1918 -- The Poughkeepsie Railroad Station, designed by Warren and Wetmore, who also were the architects for Grand Central Terminal,was opened.

1920 – The original Luckey-Platt store was torn down in 1920 in order to build a new, larger and more modern store whicj opened four years later.

1920s -- The Nelson House Inn (with roots back to 1777) was a popular hotel and meeting place.  It was close to the courthouse and across the street from the Bardavon. 
 

1920s -- The Pomfret House Hotel and Arcade was located at the intersection of Main and Market.
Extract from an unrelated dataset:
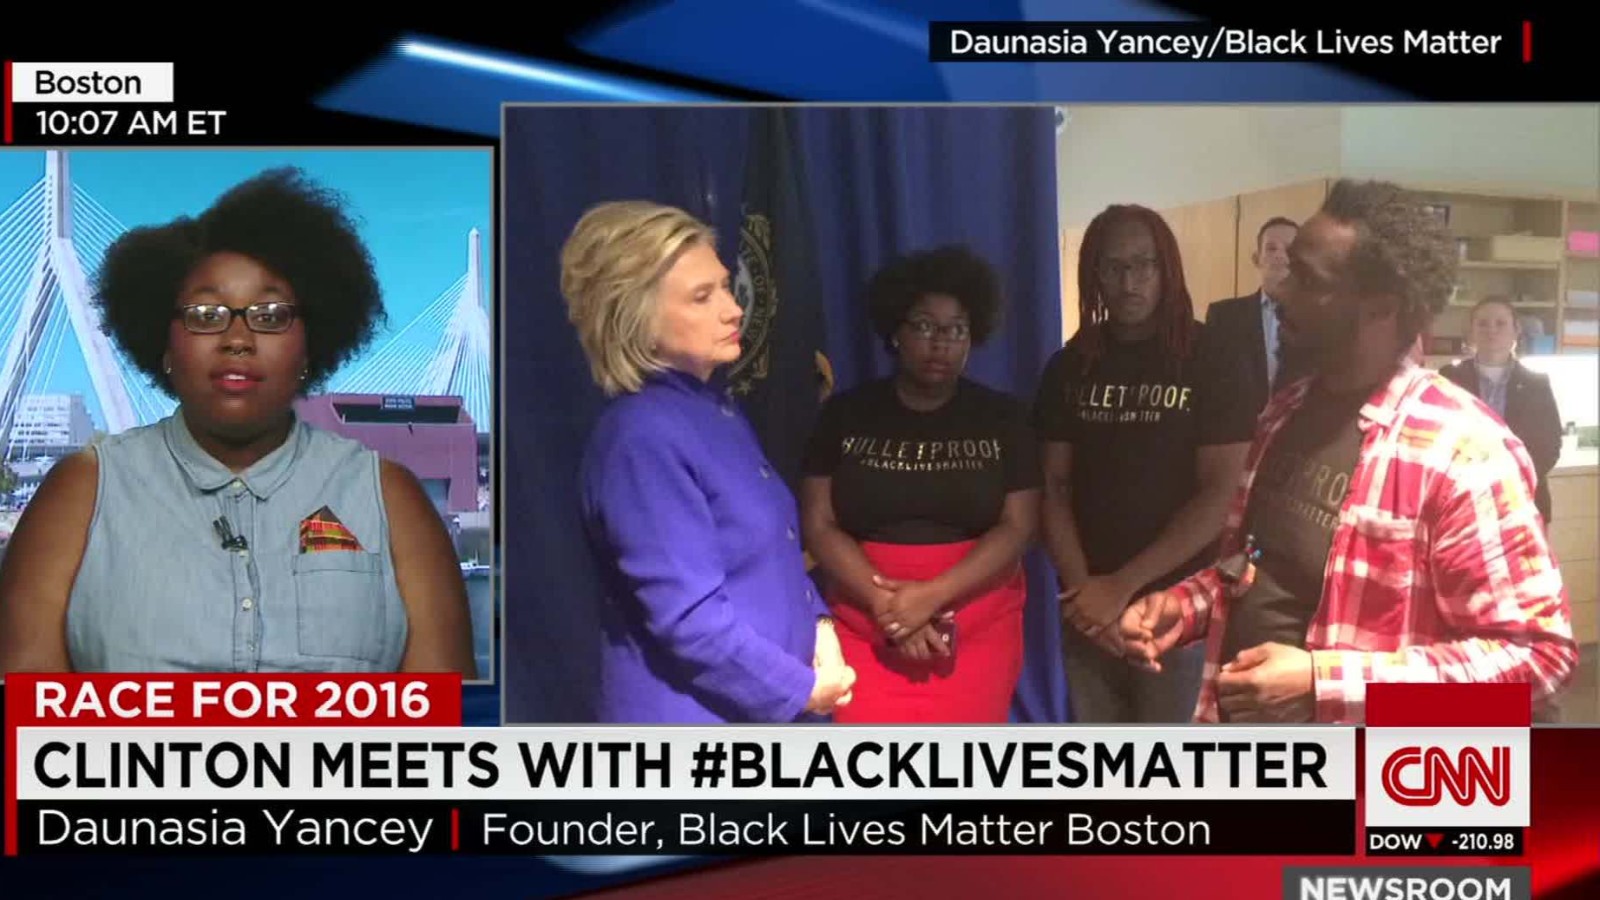 Hillary Clinton To Hold Important Meeting With Black Activists On

1920s -- The Riverview Military Academy closed and Lincoln Center took it over in order to present neighborhood services and programs. The school was located where the Lincoln Park soccer field is today.



1920s -- The swimming pool at Woodcliff Pleasure Park was the largest pool in the east.  It could handle 3,000 people at one time.  The park was built on land that once was the estate of John L. Winslow.  (Today it is the site of the Marist College townhouses.)

1923 -- The Collingwood Opera House became the Bardavon, a movie house with vaudeville acts.

1923 -- The children's room was opened at Adriance Memorial Library. 

1924 -- The new Luckey-Platt Department Store opened.  For years, it was “the place” for everyone in the mid-Hudson valley to shop.

1925-1930 -- The FDR Mid-Hudson Bridge was being built.

1929 -- The Marist Normal Training School, in conjunction with Fordham University, granted B.A. degrees.

1930 -- The Mid-Hudson Bridge was dedicated by local resident, at the time New York State Governor, and future U.S. President Franklin D. Roosevelt. His wife Eleanor was present. 

1930 -- Governor Franklin Delano Roosevelt dedicated a statue of Irishman Thomas Dongan, Provincial Governor of New York from 1683 to1687, at the intersection of Delafield and Mill Streets (in Dongan Park adjacent to Dongan Place.) 

1931 – Eastman Business College, one of the oldest and at one time the largest school of business in the U.S., closed because of declining enrollment.


1932 -- The Polish-American Citizens' Hall was built at 19 North Bridge Street.   

1934 -- Poughkeepsie Day School for young children was founded (originally on the Vassar College campus.) 

1935 -- Trolley service ended.


1937 -- The WPA built a miniature Parthenon memorial on the top of College Hill and presented it to the city. 

1937 -- President Franklin D. Roosevelt dedicated the new post office. 

1937 -- The Woodcliff Pleasure Park had become the city's principle playground. 

1938 -- College Hill had greenhouses and a beautiful rock garden begun in 1931 by Clarence Lown. 

1940 -- Marian Anderson performed at the auditorium of Poughkeepsie High School.

1940 – The Violet Avenue School in Hyde Park was opened.  It reflected the American Colonial Revival architectural ideas of Franklin D. Roosevelt  

In the early 1940s, once the Mid-Hudson Bridge was opened for traffic, ferries across the Hudson from Poughkeepsie to Highland disappeared.

From 1941 and into the 1990s IBM was the dominant economic force in Dutchess County.